Where Clinical Care and Research Collide: Rare Diseases
About our Rare Diseases Clinical Team
All of our faculty members in Pediatric Neuropsychology provide clinical evaluations for our rare disease patients. Because many patients with rare diseases present with characteristics of autism spectrum disorder, faculty clinicians in the Autism & Neurodevelopmental Disorders Clinic also routinely work with this population. Our trainees, psychometrists, and other MIDB staff have become experts at working with patients with complex medical and neurological differences which can substantially affect areas like communication, sensory function, and mobility.
Who We Serve
Rare diseases encompass a wide range of genetic conditions, many of which have considerable impact on the development and functioning of the brain.

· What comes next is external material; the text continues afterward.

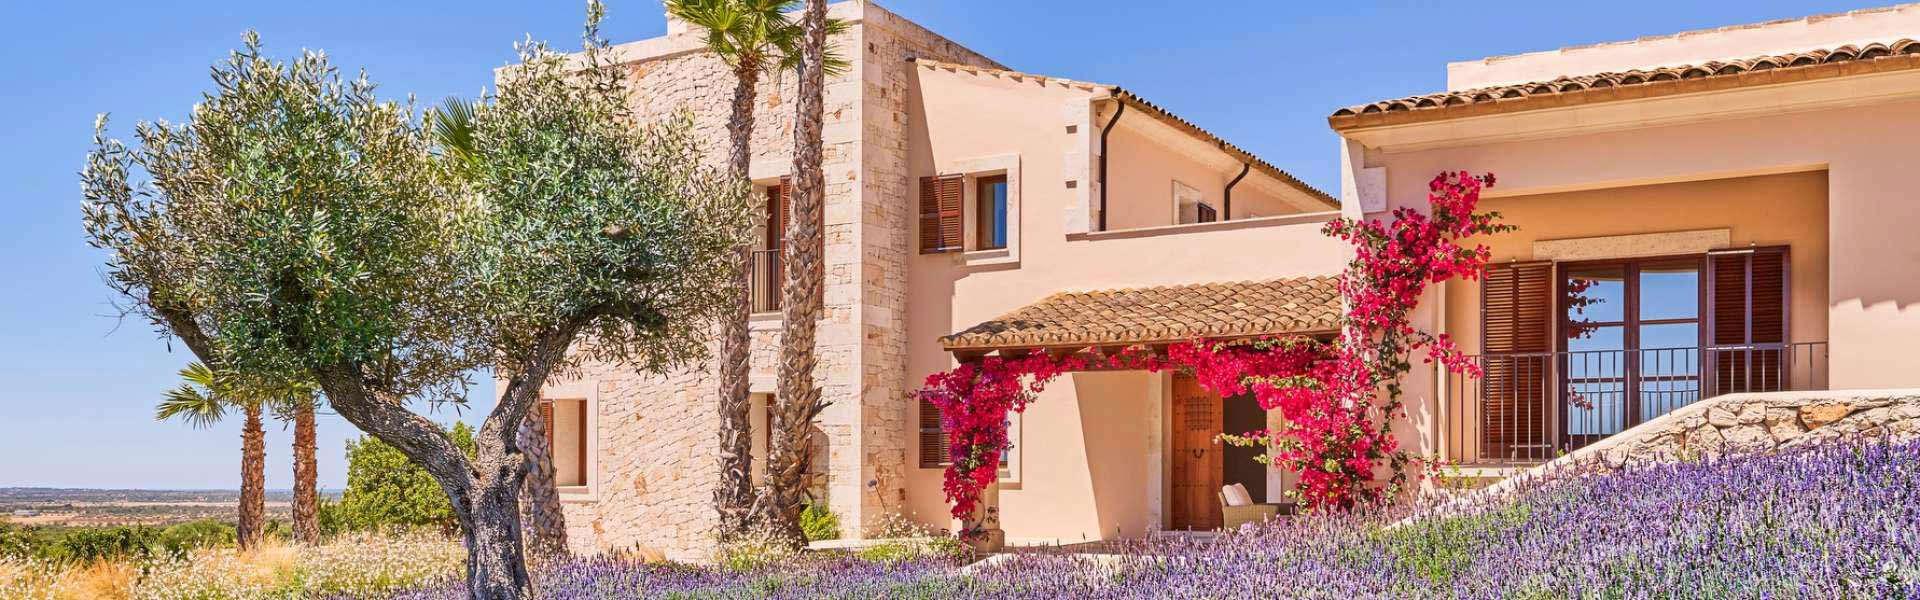 Montemar Immobilien Mallorca - Traumvilla
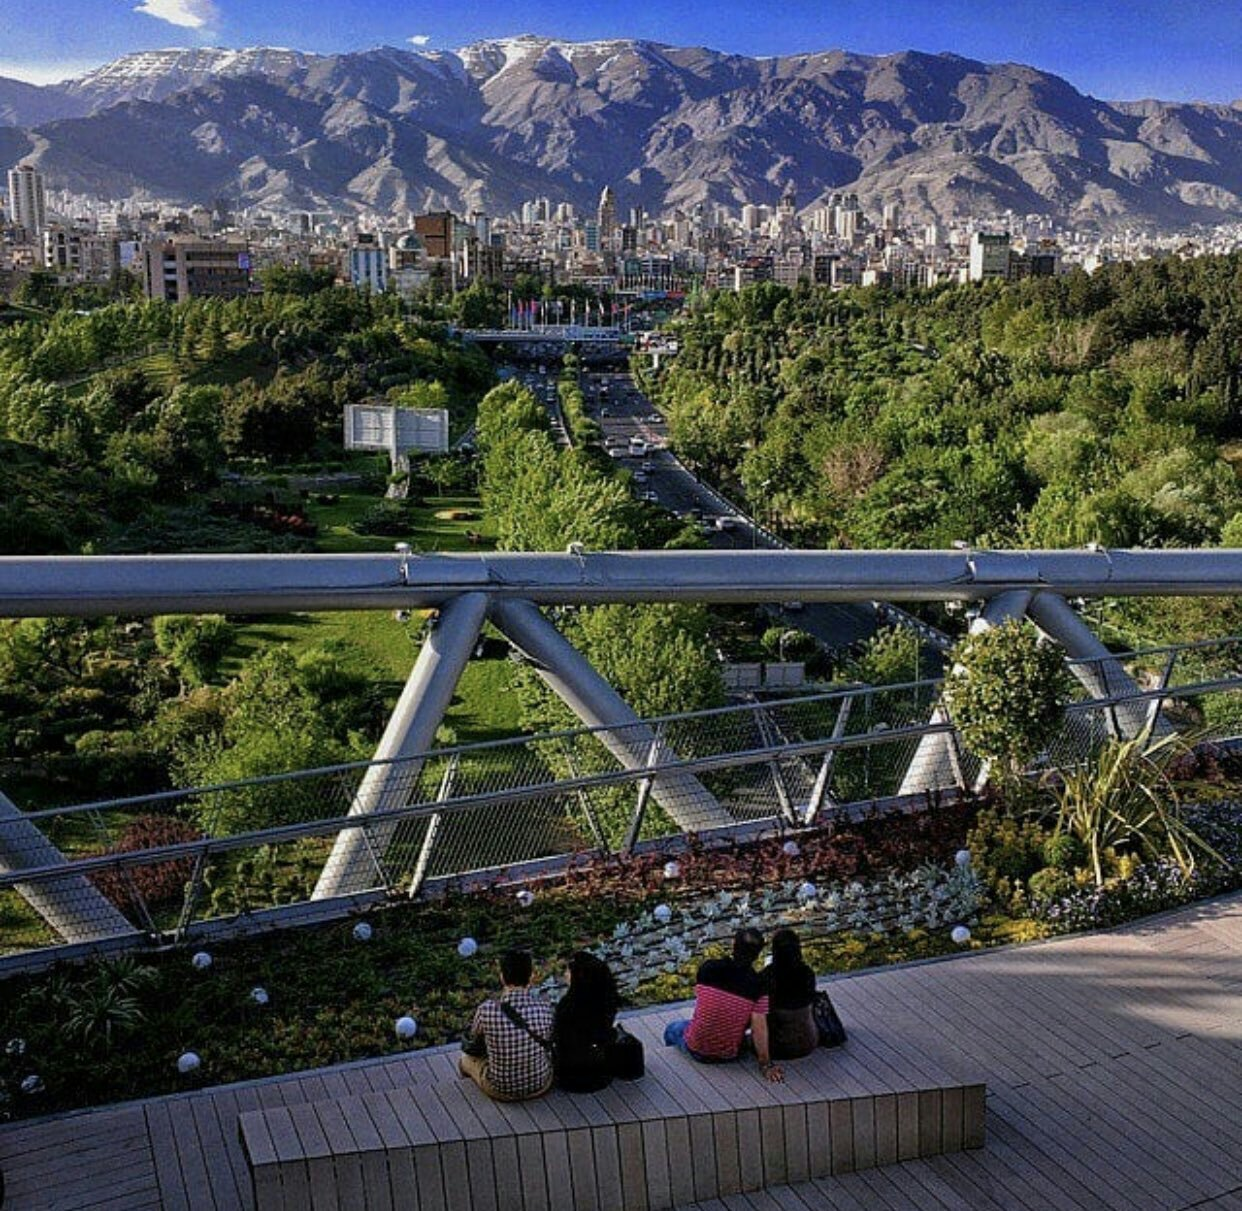 عدسة إيرانية: جسر الطبيعة في طهران 1

Our team frequently works with patients who have neurogenetic conditions (e.g., neurofibromatosis type 1, Noonan syndrome, Fragile X syndrome) which are associated with medical, cognitive, behavioral features. Additionally, because the University of Minnesota is a major center for treatment of rare pediatric neurometabolic disorders (e.g., lysosomal storage diseases, leukodystrophies), we conduct pre- and post-treatment evaluations to track a child’s functioning over time as they receive and recover from life-saving therapies.
Our goal is to connect patients with behavioral supports and educational resources, and to ensure that the neuropsychological implications of these diseases are not overlooked. To provide the families with the best possible care, our team collaborates closely with clinicians in other pediatric specialties such as genetics, neuro-oncology, endocrinology, neurology, and blood and marrow transplantation.
How our Rare Diseases Team Intersects with MIDB's Research, Education, and Advocacy
Our team’s clinicians are actively conducting cutting-edge research on rare disease. MIDB provides increasing opportunities for interaction between providers and researchers working with rare patients, enabling us to form the Neurodevelopmental Program in Rare Disease (NPRD). NPRD investigators have been awarded numerous grants, publications, and invited talks at major conferences to fund and disseminate our rare disease research.
The team’s involvement in education and advocacy is demonstrated through our contributions to public health policy discussions, white papers, podcasts, children's books, patient/advocacy group meetings, advisory boards, international educational meetings, and clinician trainings. When working with rare diseases, the family and community connections are paramount to progress.